Once we identify these areas, if they are sufficiently large we can pass them to a new NbClust scenario and it can cluster them anew.
current = bmap +
geom_sf(data = ENVIbs$Geometry, aes(fill = factor(ID))) +
labs(title = 'Current', fill = 'Cluster') +
theme(legend.position = "none")
future = bmap +
geom_sf(data = future_clusts$clusters_sf, aes(fill = factor(ID))) +
labs(title = '2041-2060', fill = 'Cluster')
current + future
However, we also need to determine which current areas are most similar to these novel climate clusters. We can take values from both classifcation scenarios, and cluster them, and identify which new climate clusters share branches with existing clusters. This is the method we employ to identify the most similar existing climate groups.

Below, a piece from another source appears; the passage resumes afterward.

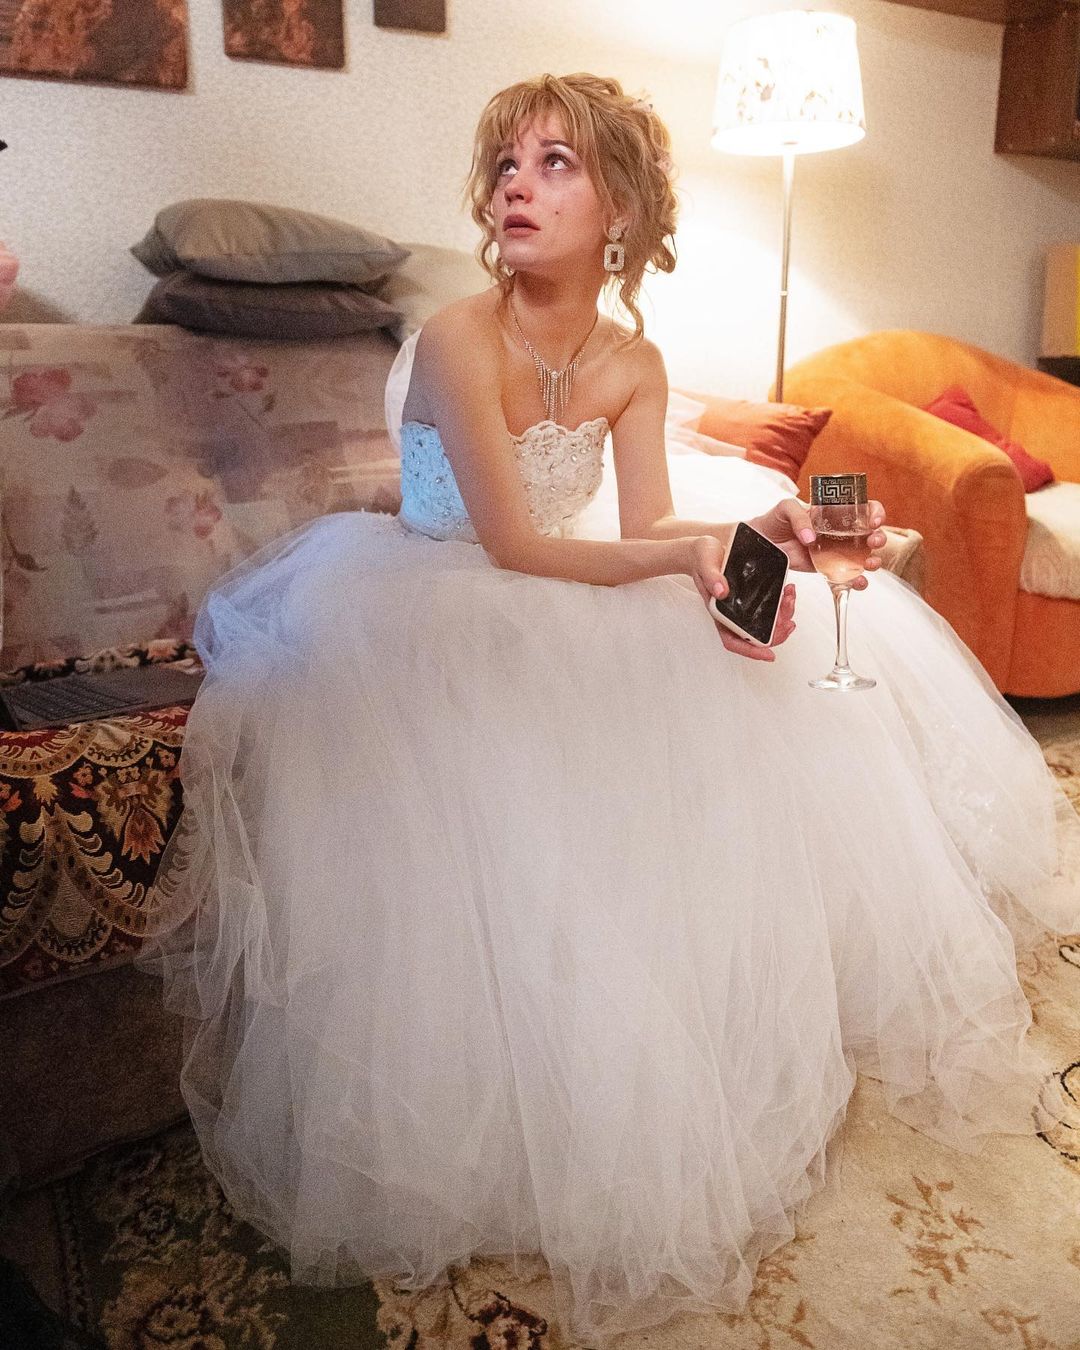 Кристина Асмус надела свадебное платье

future_clusts$novel_similarity
[1] novel_cluster_id nearest_existing_id avg_silhouette_width
<0 rows> (or 0-length row.names)It is from these groups that we are most likely to collect germplasm relevant for the future scenarios.
We can also take a very quick look at how cluster sizes change between the scenarios
future_clusts$changes
cluster_id current_area_km2 future_area_km2 area_change_pct
1 1 4043.3230 28300.9046 599.94172
2 2 13170.6534 269.7564 -97.95184
3 3 4998.7124 1407.8829 -71.83509
4 4 4435.7130 136.0061 -96.93384
5 5 12027.6067 872.3368 -92.74721
6 6 15081.4257 952.5868 -93.68371
7 7 2576.1257 0.0000 -100.00000
8 8 33353.1496 1413.2125 -95.76288
9 9 3958.0202 3040.5491 -23.18005
10 10 6312.3643 747.9952 -88.15032
11 11 1313.6535 0.0000 -100.00000
12 12 597.1152 4630.9965 675.56168
13 13 36782.2993 4143.2314 -88.73580
14 14 32653.6727 1344.0688 -95.88387
15 15 0.0000 3528.7292 NA
centroid_shift_km
1 460.1072
2 290.3649
3 205.2148
4 251.8769
5 726.1748
6 254.4887
7 NA
8 330.4310
9 494.6931
10 14.2699
11 NA
12 539.5743
13 298.5651
14 374.5908
15 NAConclusion
All functions in safeHavens work to identify areas where
populations have the potential to maximize the coverage of neutral and
allelic (genetic) diversity across the species. Large scale restoration
requires the availability of seed sources as the need, and funding
opportunities arise to use them. Developping germplasm materials from
populations that seem adapted to future climate conditions is essential
for future opportunities. While this function does not in any way seek
to identify the best available seed source for a restoration, ala SST or
COSST, it does seek to ensure that the best available option can be
timely applied as the occasion arises.
This is of particular importance for areas that are not able to plan restorations and develop their own seed sources using point-based analyses.